[WHAT IS NEEDED]
The listing is to be transcribed in full, with its images left out.

[DATA SEGMENT]
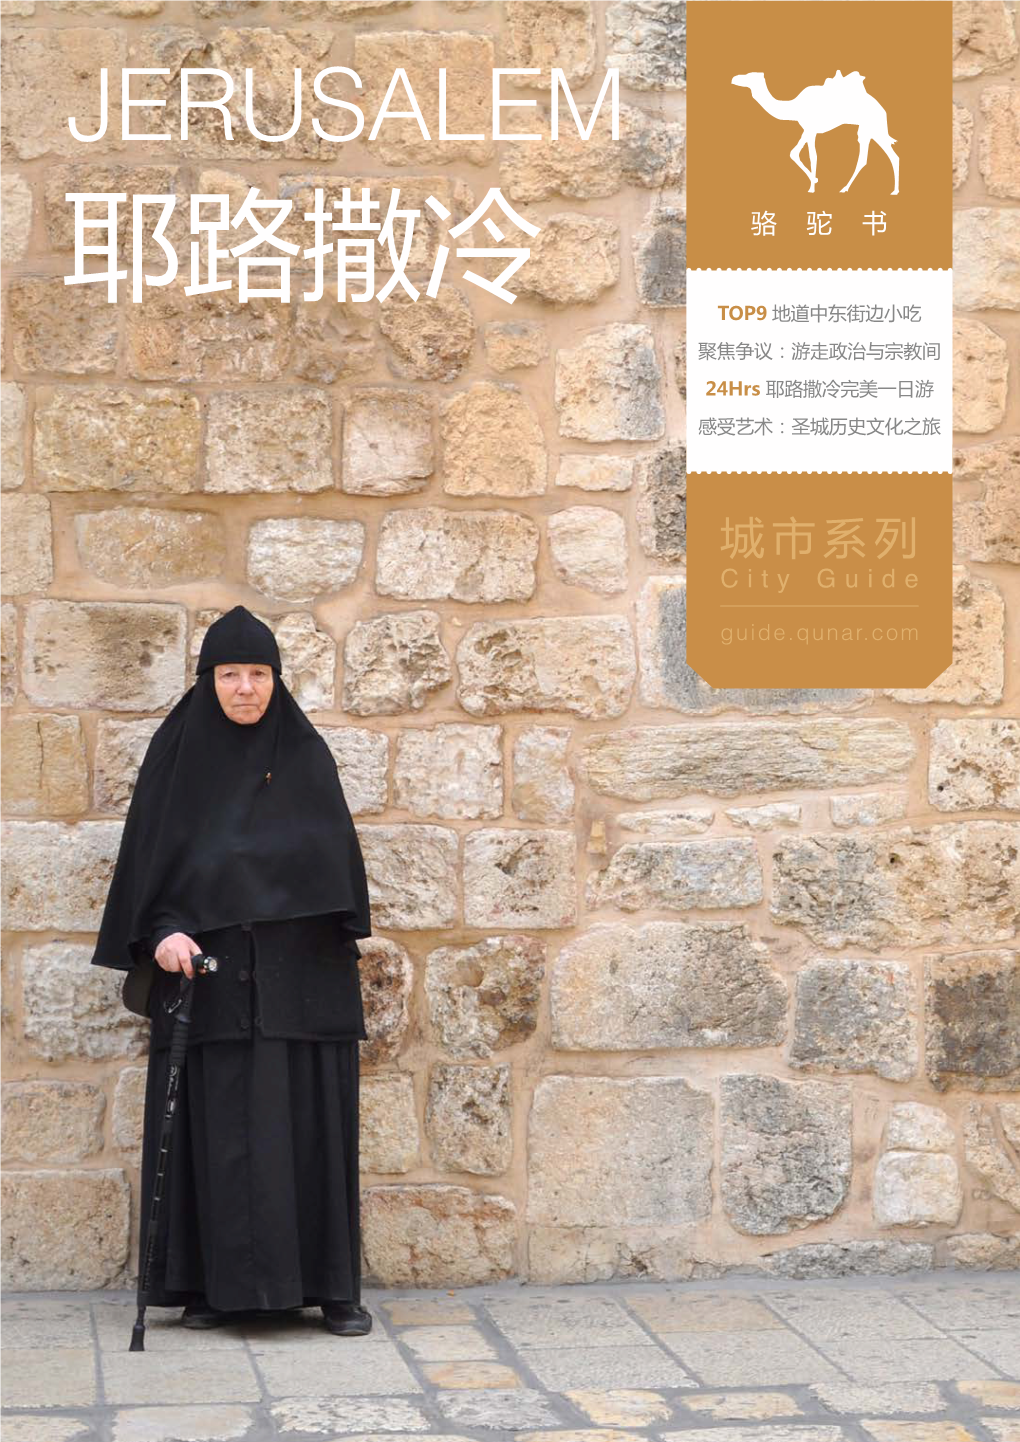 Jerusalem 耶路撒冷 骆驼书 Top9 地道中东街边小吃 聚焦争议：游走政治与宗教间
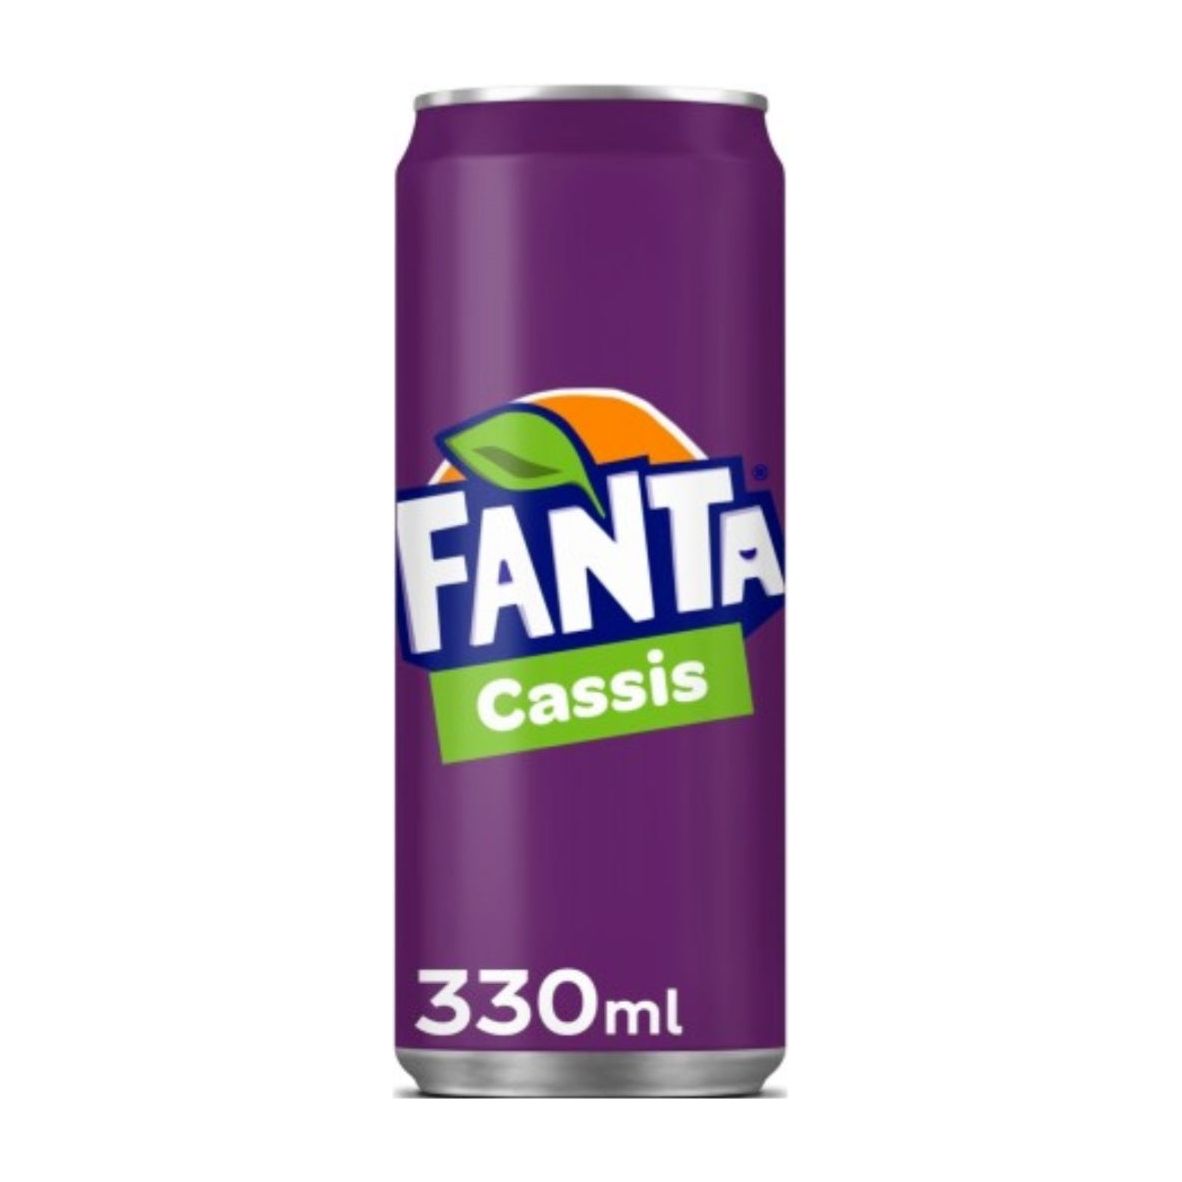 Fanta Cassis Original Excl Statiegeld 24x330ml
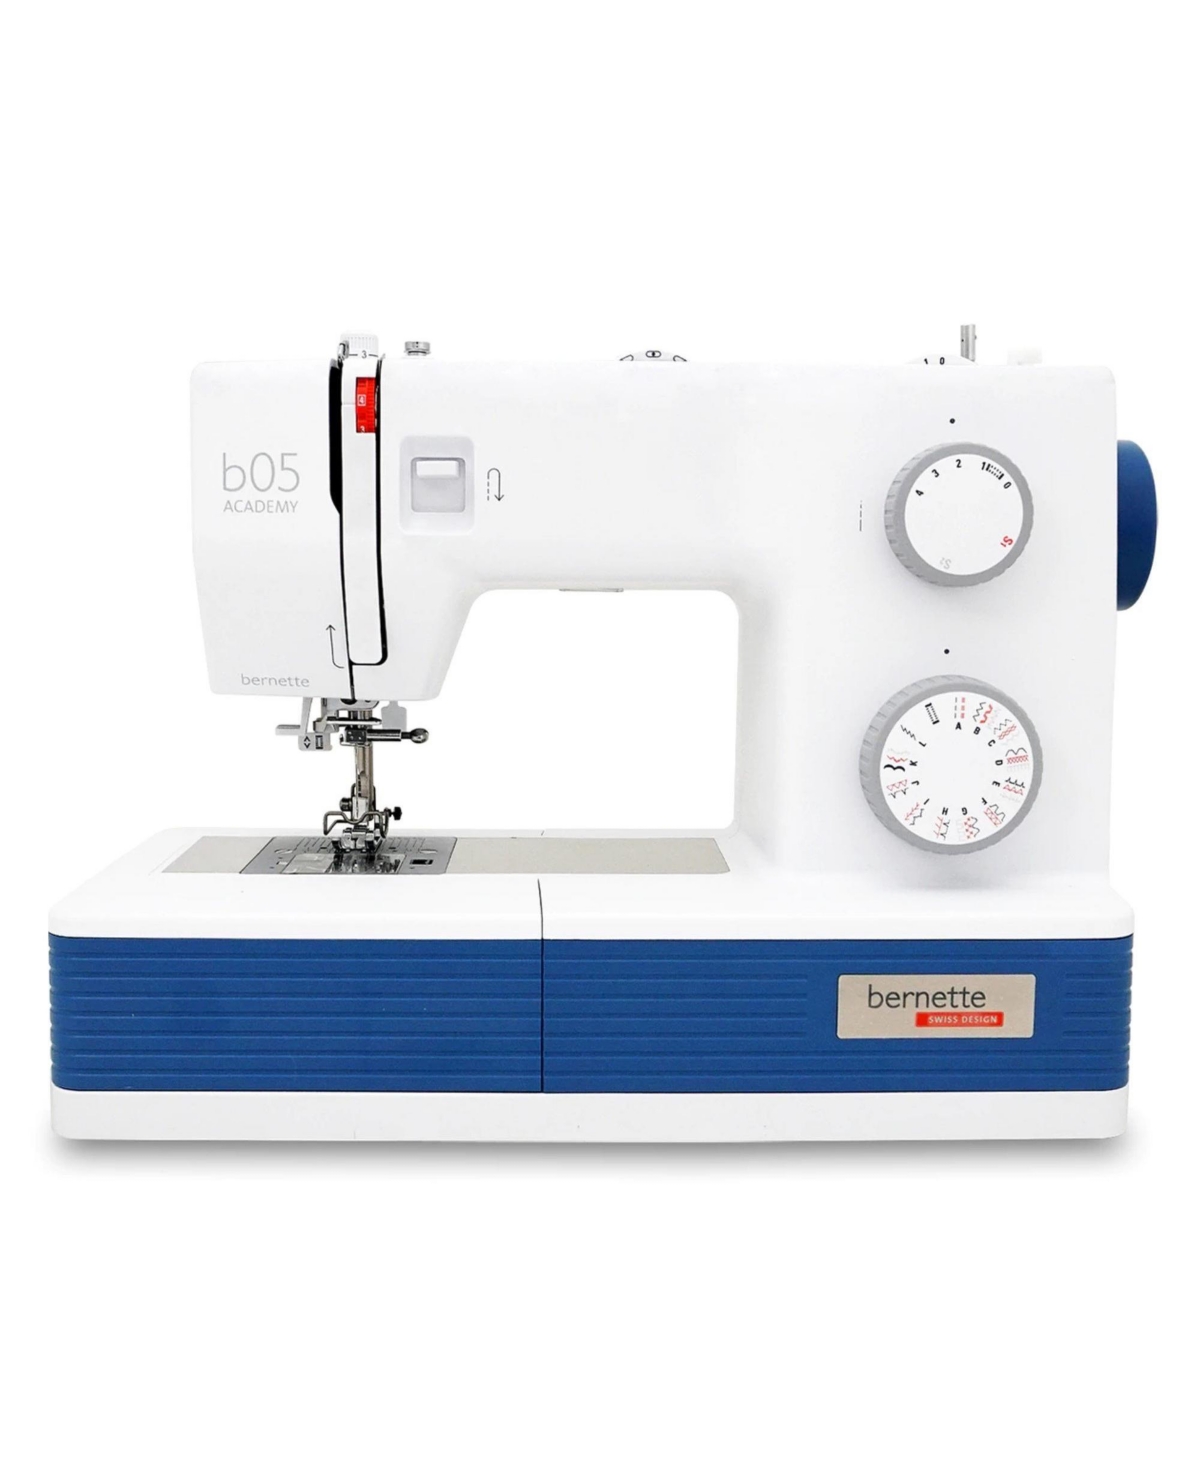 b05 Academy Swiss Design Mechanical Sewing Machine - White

[WRITTEN RESPONSE]
 Jerusalem 耶路撒冷 骆驼书 Top9 地道中东街边小吃 聚焦争议：游走政治与宗教间
 Fanta Cassis Original Excl Statiegeld 24x330ml
 b05 Academy Swiss Design Mechanical Sewing Machine - White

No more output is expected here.